(The data Opens)

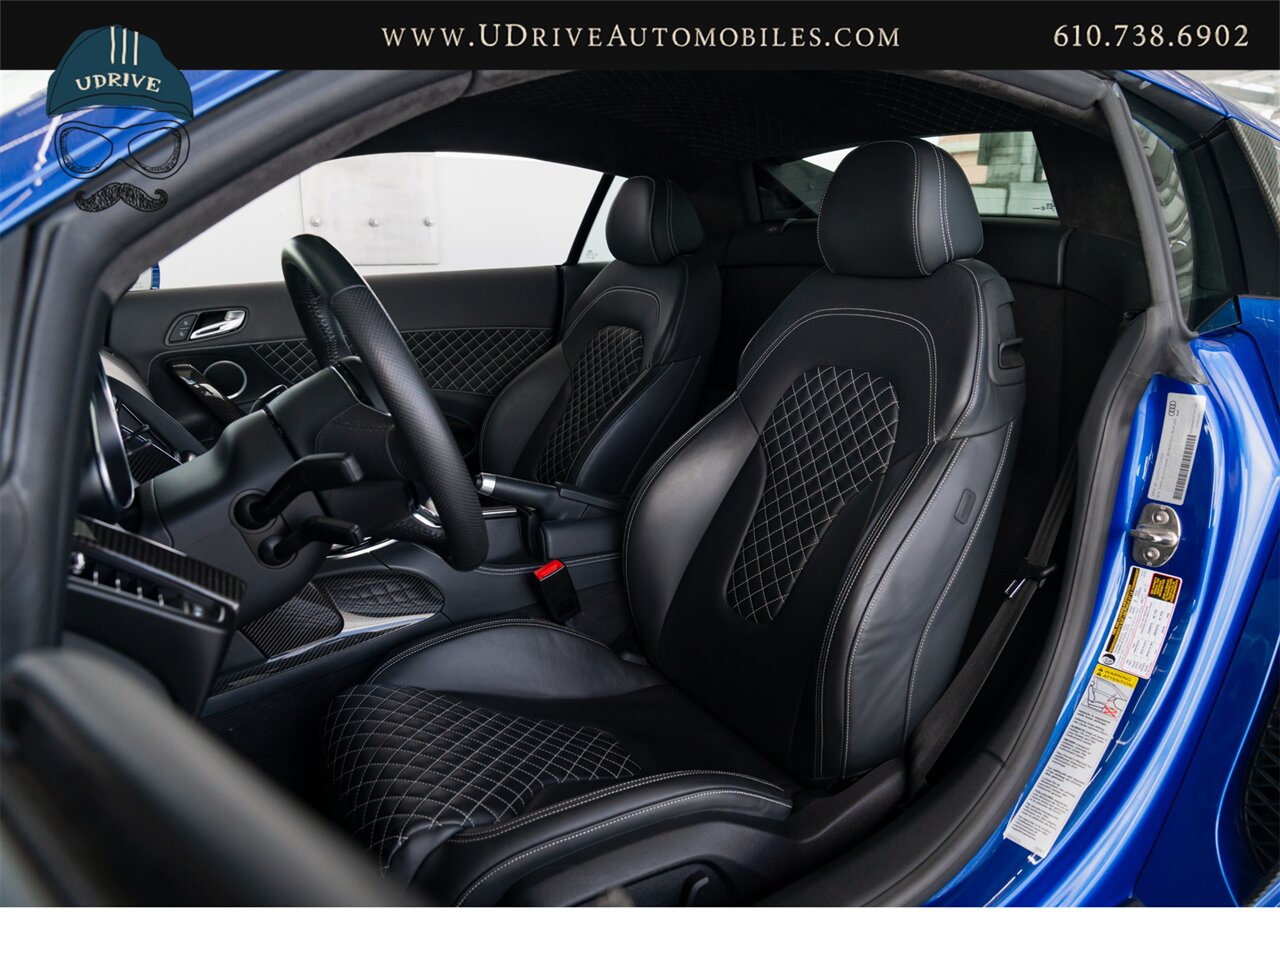 2015 Audi R8 5.2 V10 Quattro 6 Speed Manual 10k Miles  Diamond Stitched Leather 1 of 2 - Photo 5 - West Chester, PA 19382
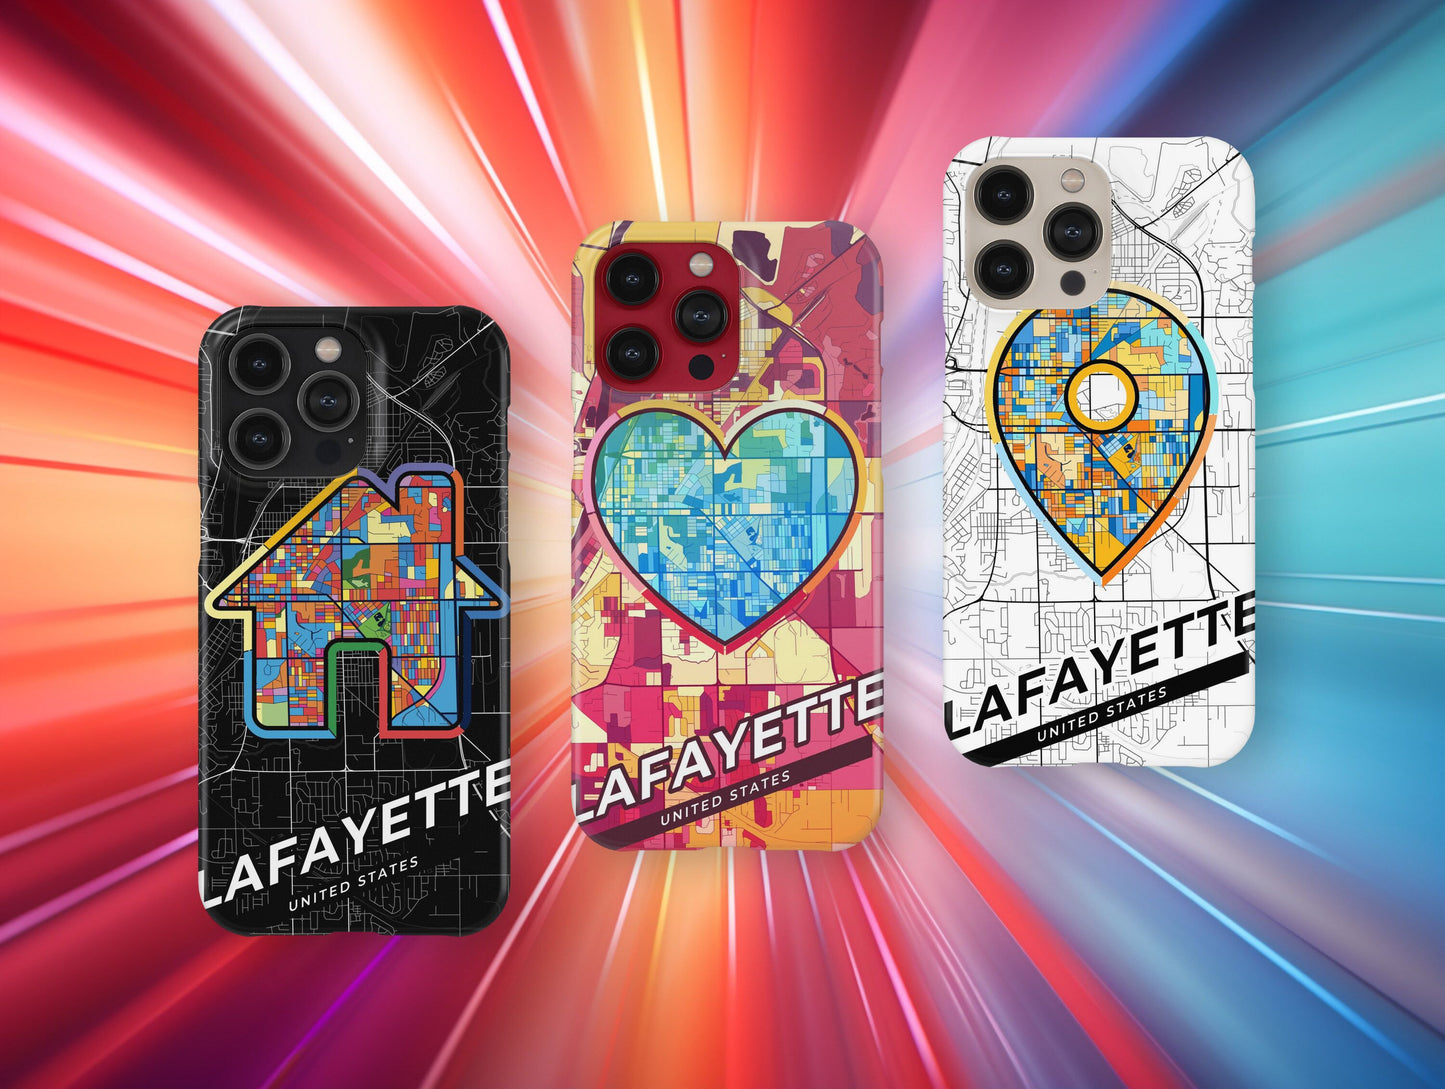 Lafayette Indiana slim phone case with colorful icon. Birthday, wedding or housewarming gift. Couple match cases.
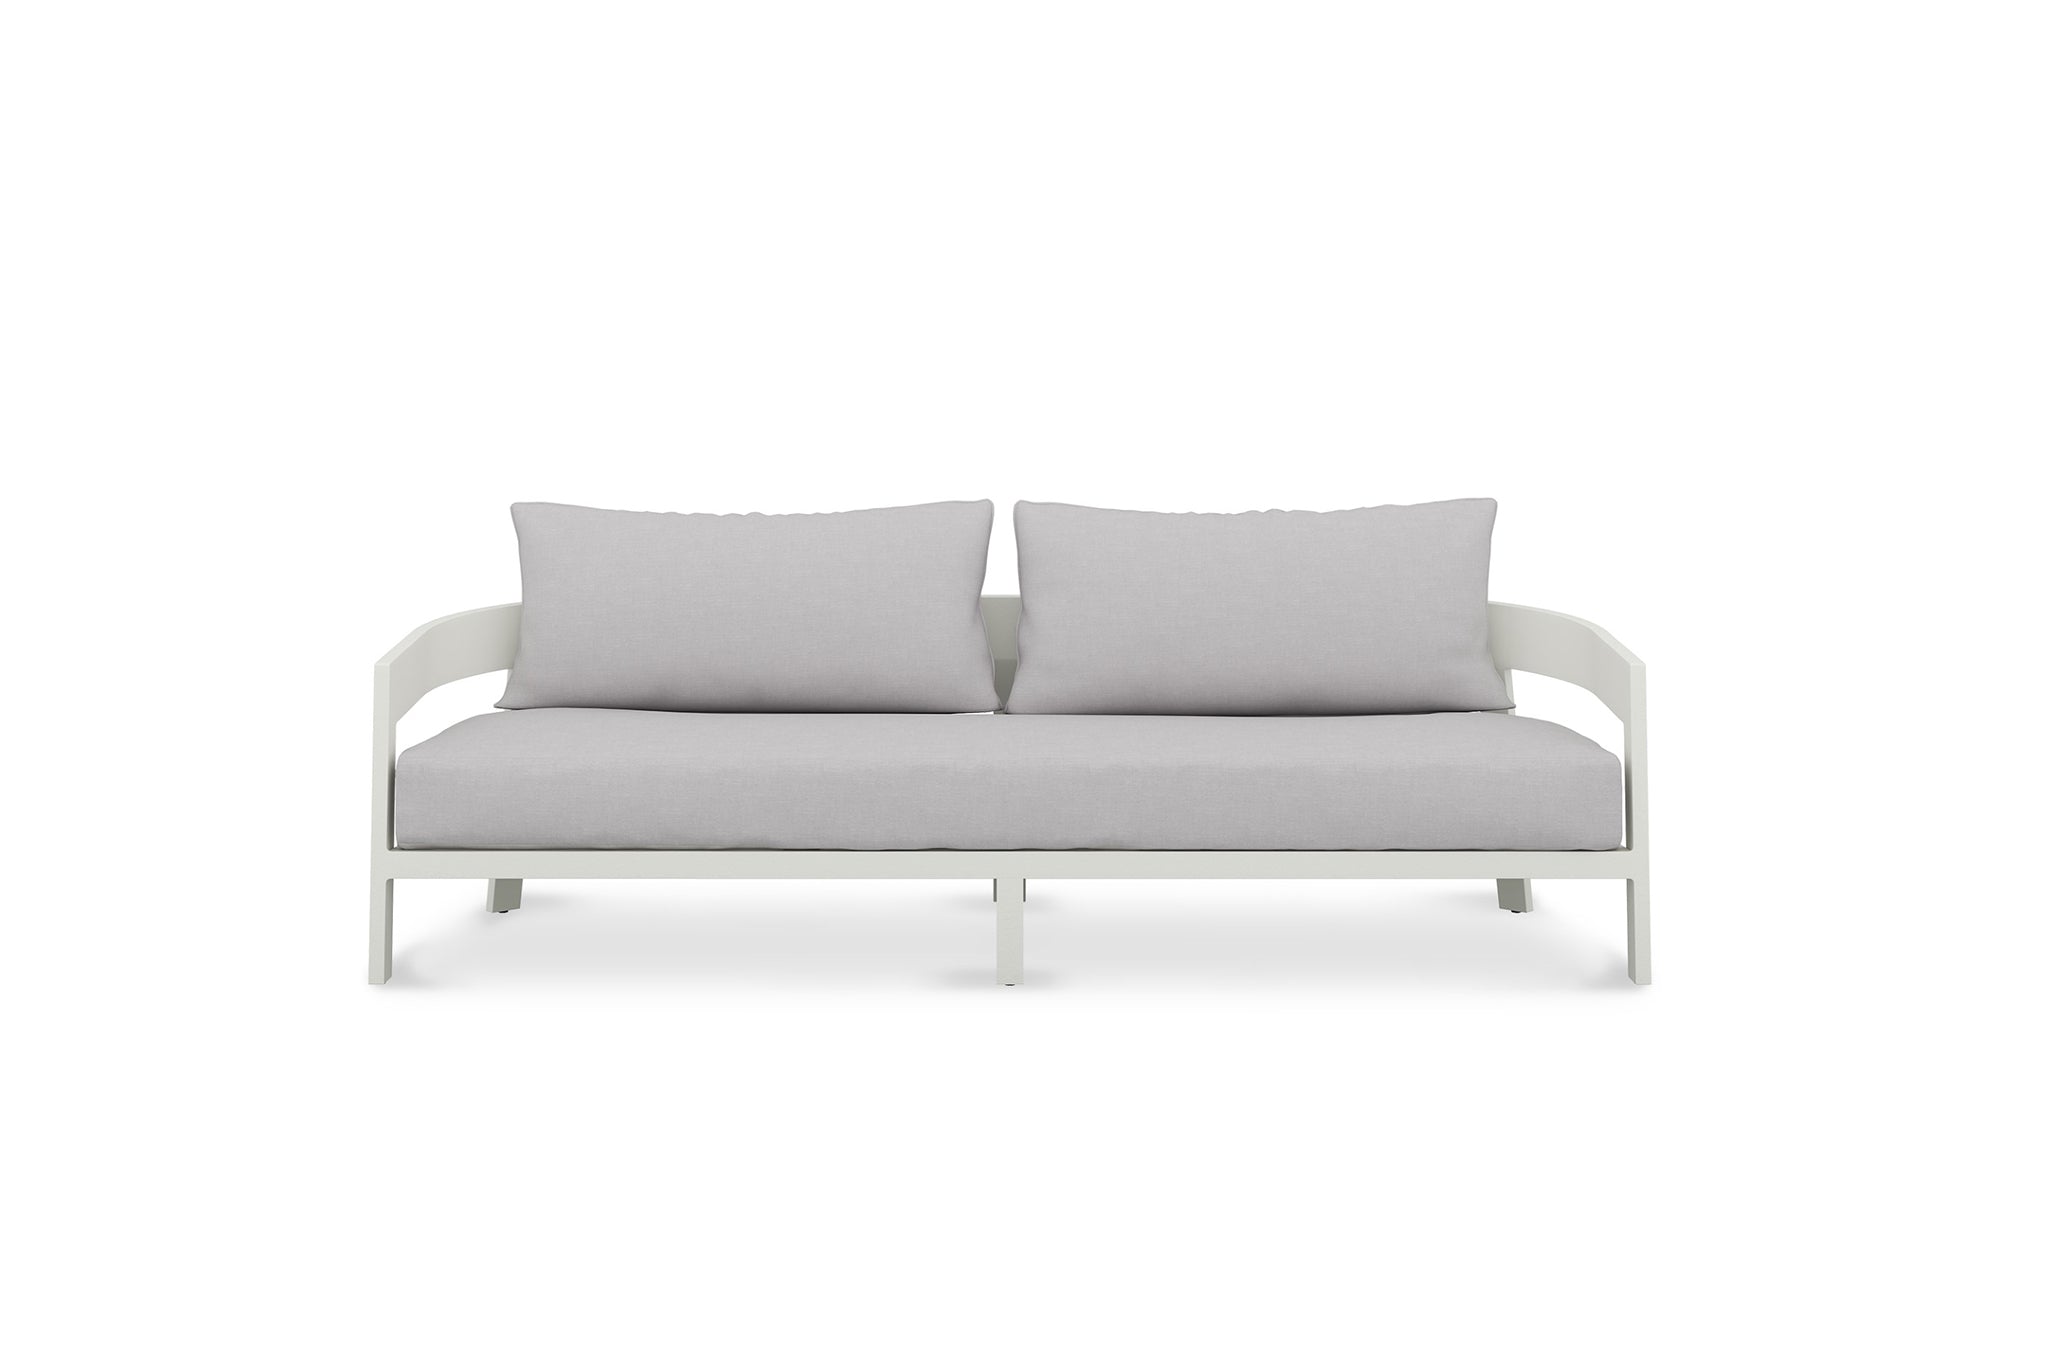 Queenscliff Outdoor Sofa – 3 Seater – White Powder Coated Frame
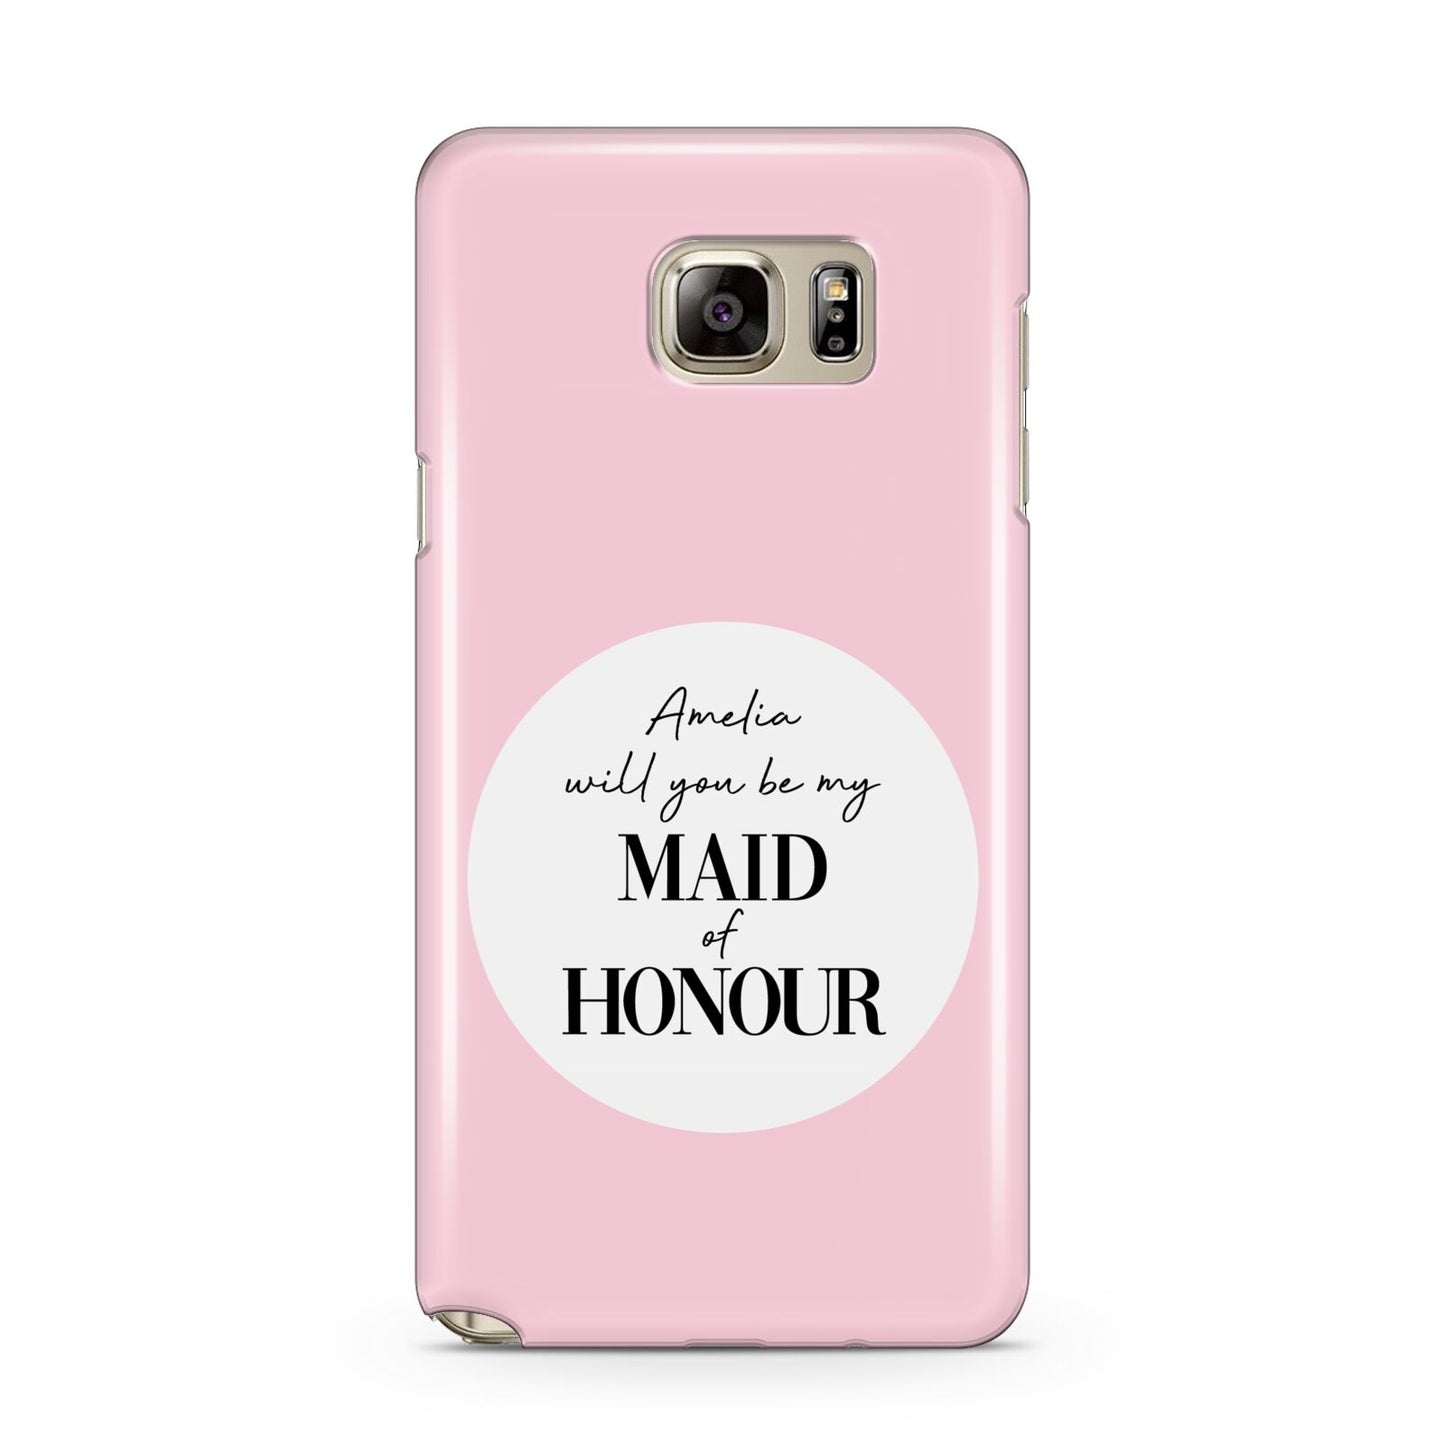 Will You Be My Maid Of Honour Samsung Galaxy Note 5 Case

(The data Closes)

◆ Description of the task
The answer is to be the lines from the line that contains "Queenscliff Outdoor Sofa" through the last line of the material, retyped exactly, both included, with pictures left out, please.

◆ Output of the task
 Queenscliff Outdoor Sofa – 3 Seater – White Powder Coated Frame
 Will You Be My Maid Of Honour Samsung Galaxy Note 5 Case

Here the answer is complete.